#### Task directions:
Search the data for "Diamond" and copy every matching line.

#### Entries taken from a collection:
——————
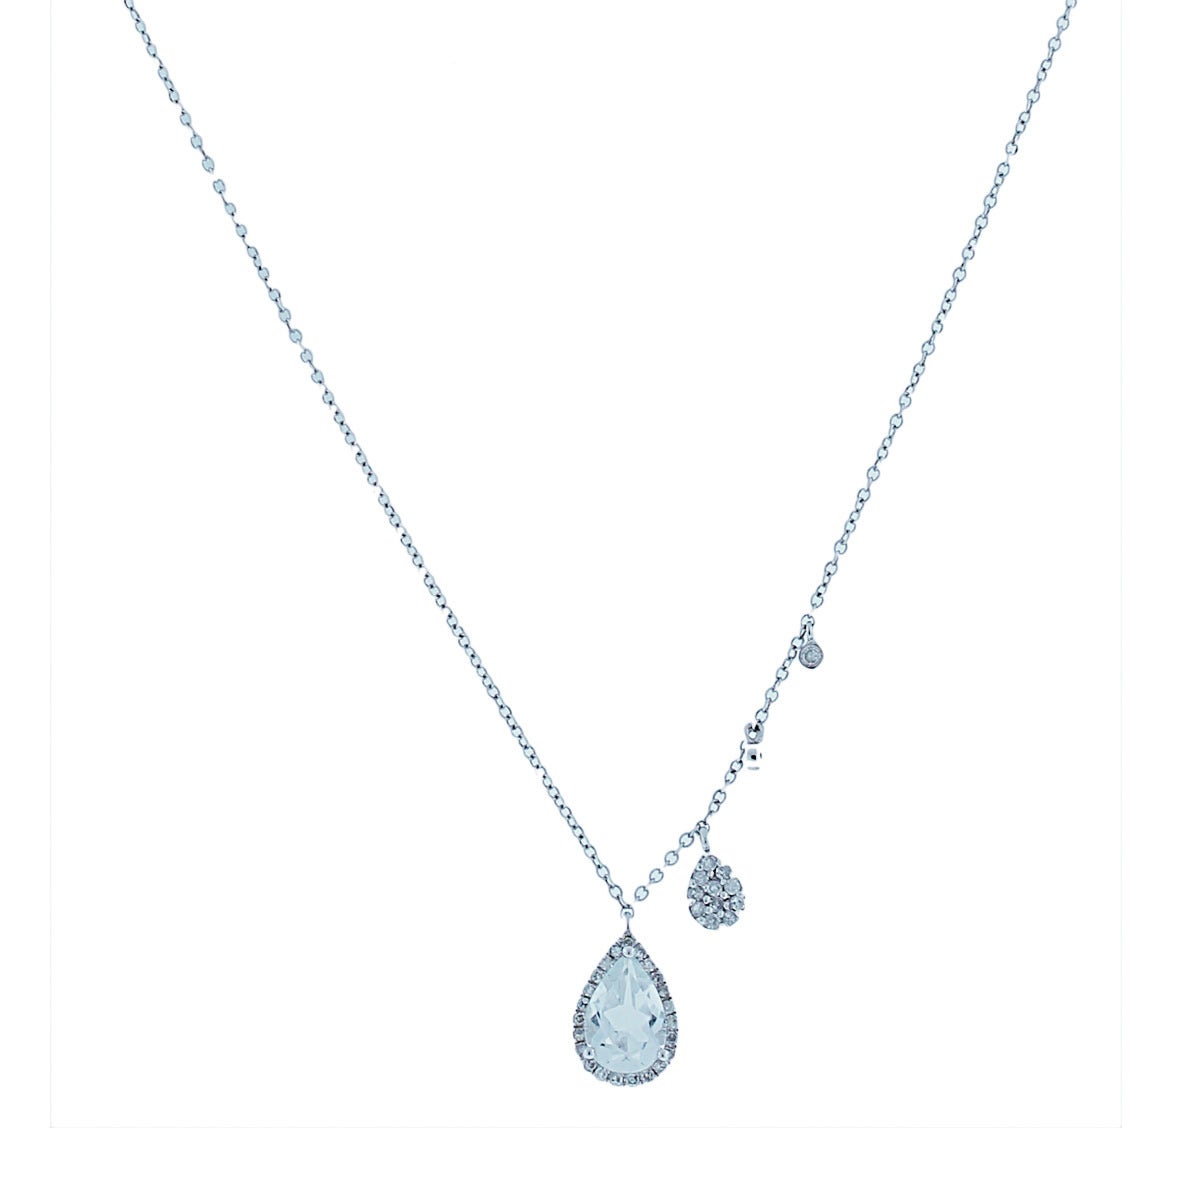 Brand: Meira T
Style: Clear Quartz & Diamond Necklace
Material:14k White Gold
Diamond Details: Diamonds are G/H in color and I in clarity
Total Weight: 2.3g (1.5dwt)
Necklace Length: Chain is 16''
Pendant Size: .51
——————
#### Response:
Style: Clear Quartz & Diamond Necklace
Diamond Details: Diamonds are G/H in color and I in clarity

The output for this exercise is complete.